Big Data Engineer
Big Data Engineer
Our direct client, a fast-growing software and data analytics firm in Greenwich, is seeking to bring on a mid to senior level Big Data Engineer. You will be part of the team to design and implement solutions integrated into client’s analytics Hadoop/EMR, Spark and Elasticsearch systems. The ideal candidate is an experienced application developer with a concentration in data pipeline building, automation, data warehousing and data modeling. The successful candidate will be responsible for expanding and optimizing data, analytics and data pipeline architecture, as well as optimizing data flow and building out a semantic layer to support cross functional teams. The Data Engineer will support software developers, business analysts and data scientists on data and computational initiatives and will ensure optimal data architectures and patterns are consistent throughout ongoing projects.
- Collaborate with the infrastructure team to ensure optimal extraction, transformation and loading of data in the current and future systems using technologies like Redshift, Hive, S3, PySpark, Elasticsearch, R, EMR.
- Generation of the client specific multi-tenant large, complex data layers that meets and exceeds the demanding functional / non-functional needs of our SaaS based Web Application.
- Identify, design, and implement internal process improvements: automating manual processes, optimizing data delivery, re-designing solutions for greater scalability.

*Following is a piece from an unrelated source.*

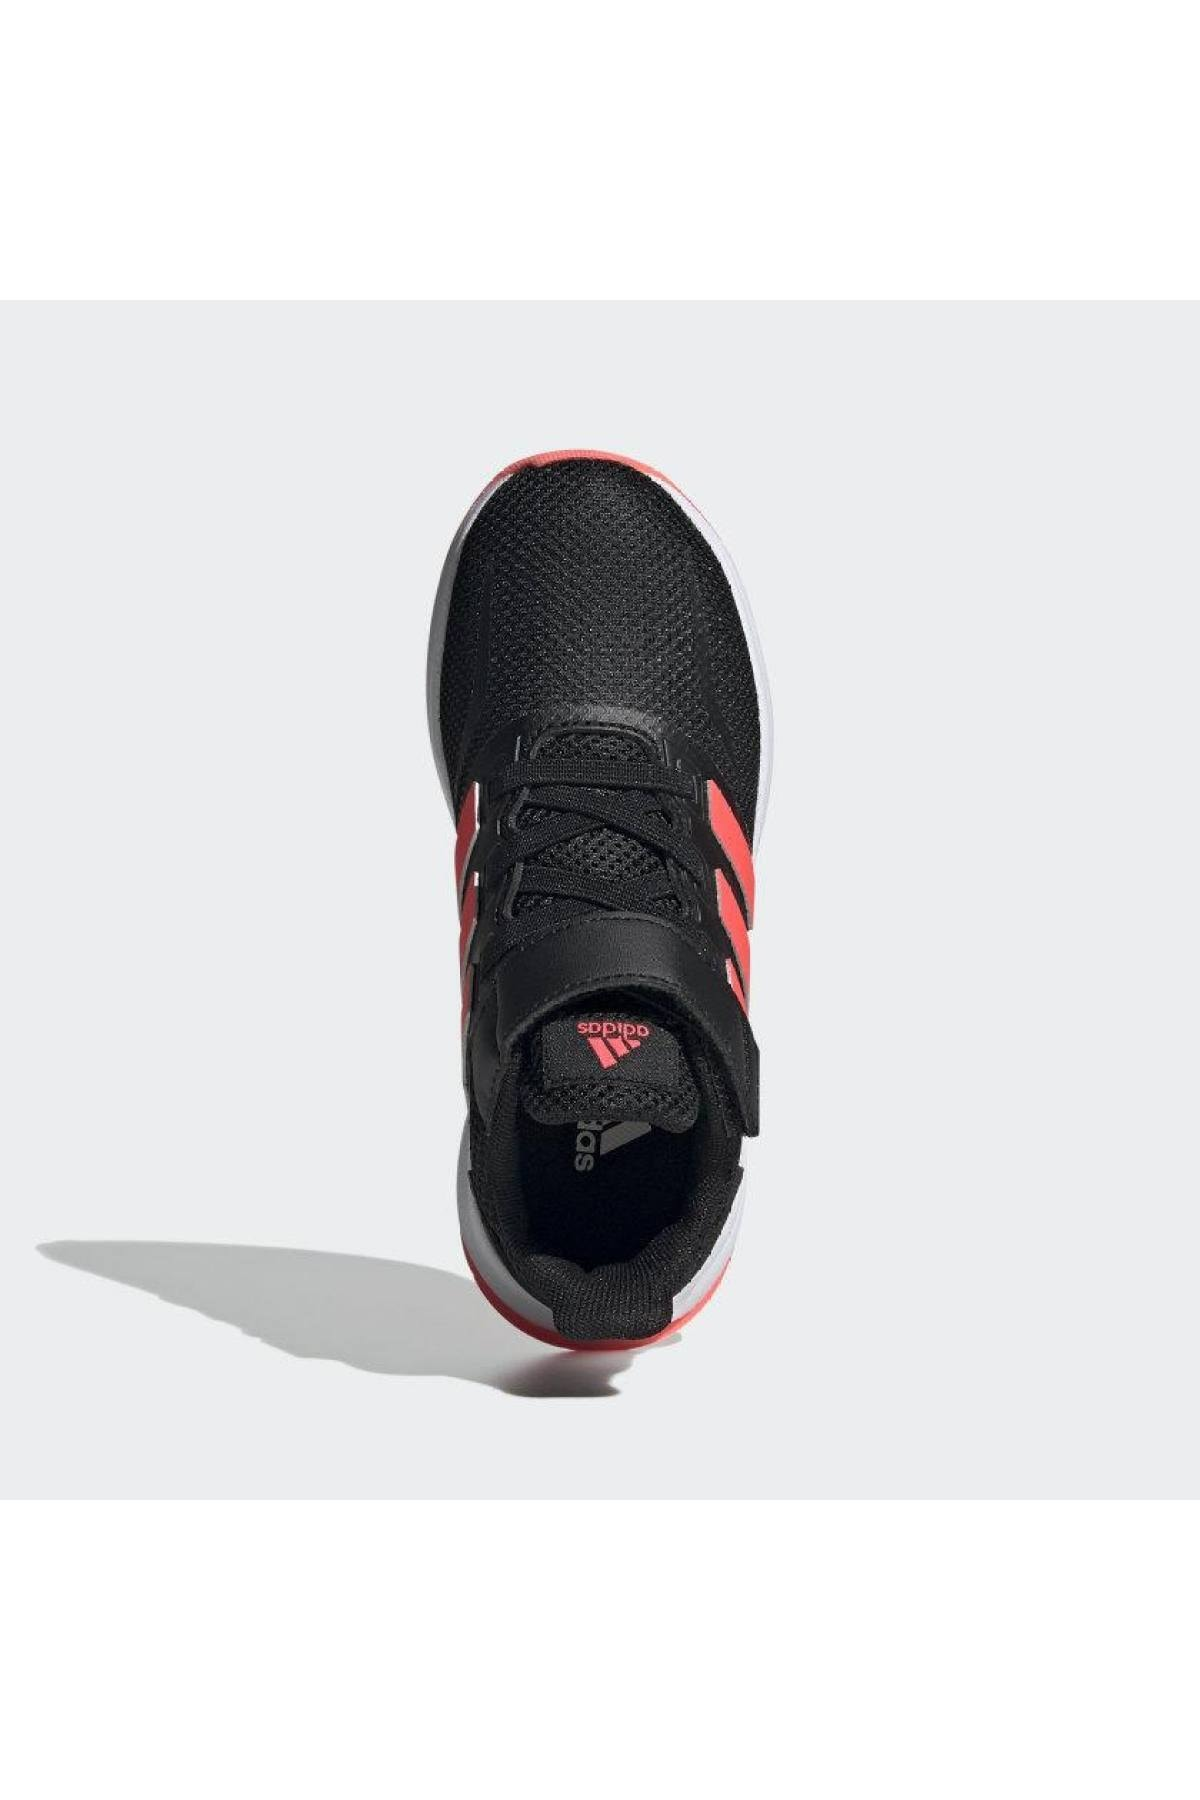 adidas RUNFALCON C Siyah Kız Çocuk Koşu Ayakkabısı 100663763 2

- Develop Analytic Dashboards, utilizing tools like Tableau and RStudio, that utilize our data pipeline metrics to provide actionable insights, operational efficiency and other key technical and business performance enhancing opportunities.
- Experience supporting and working with cross-functional teams in a dynamic environment.
- Strong organizational, oral and written skills.
- Candidate with 8+ years of experience in a Data Engineer role, who has attained at minimum a Bachelor’s degree in Computer Science.
- Strong analytic and modeling skills in working with both structured and unstructured data
- Successful candidate will have experience and proficiency in the following software / tools:
- Big data tools: Hadoop, Spark 2 (pyspark), Kafka, Elasticsearch, Hive.
- Expertise in Redshift or equivalent columnar databases.
- Data pipeline and workflow management tools i.e.: HortonWorks HDF, Lambda, Oozie, Airflow
- Working knowledge of message queuing and stream processing (Amazon MQ, SQS)
- Experience with Languages Java and/or Scala a plus.
- Experience with RStudio including formatted tables, plots and LaTeX a plus
Job ID: 4387